ESM C 300M is a GPU-accelerated, protein language model for predicting protein structure, function, and evolutionary relationships from amino acid sequences. Trained on evolutionary-scale data, it generates embeddings capturing structural and functional properties for tasks such as annotation transfer, variant effect prediction, and protein engineering.

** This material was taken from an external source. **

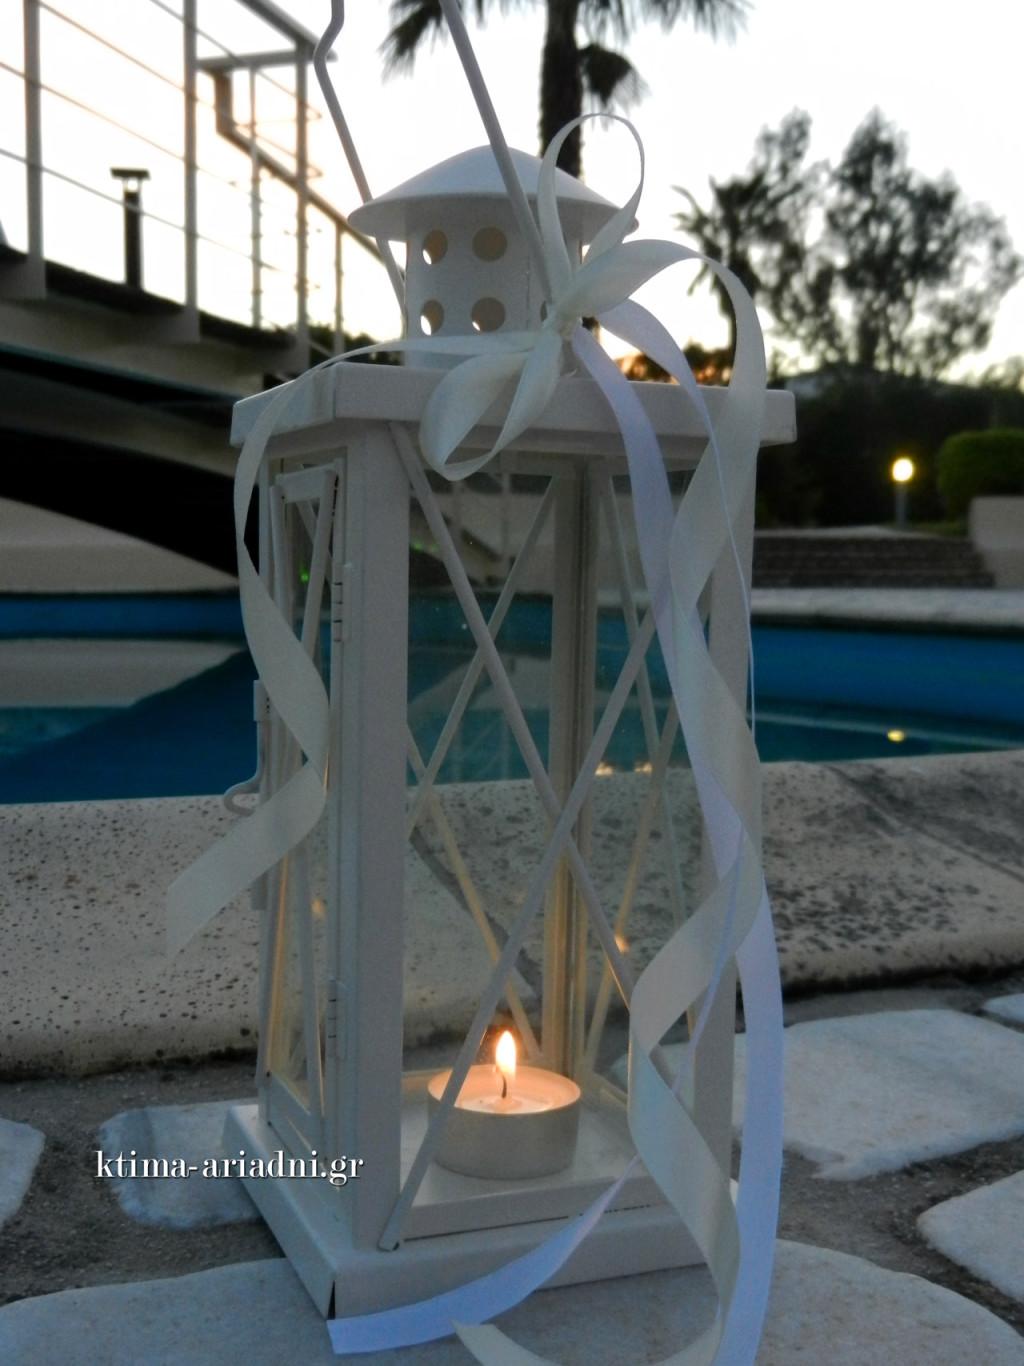 Λευκά φανάρια με λευκές κορδέλες διακοσμούσαν περιμετρικά την πισίνα και τόνιζαν το καμπυλόγραμμο σχήμα της

ESM C 300M supports single-sequence and batch processing, with outputs provided in standard numerical and file formats via API endpoints.
Predict¶
Predict properties or scores for input sequences
- POST /api/v3/esmc-300m/predict/¶
Predict endpoint for ESM C 300M.
- Request Headers:
Content-Type – application/json
Authorization – Token YOUR_API_KEY
Request
params (object, optional) — Configuration parameters:
include (array of strings, default: [“mean”]) — Types of embeddings or logits to include in the response. Allowed values: “mean”, “per_token”, “logits”.
items (array of objects, min: 1, max: 5) — Input sequences:
sequence (string, required, min length: 1, max length: 2048) — Protein sequence using standard amino acid codes (ACDEFGHIKLMNPQRSTVWY, plus B, U, Z, O).
Example request:
- Status Codes:
200 OK – Successful response
400 Bad Request – Invalid input
500 Internal Server Error – Internal server error
Response
results (array of objects) — One result per input item, in the order requested:
embeddings (array of floats, size: 1536, optional) — Mean embedding vector representing the entire protein sequence.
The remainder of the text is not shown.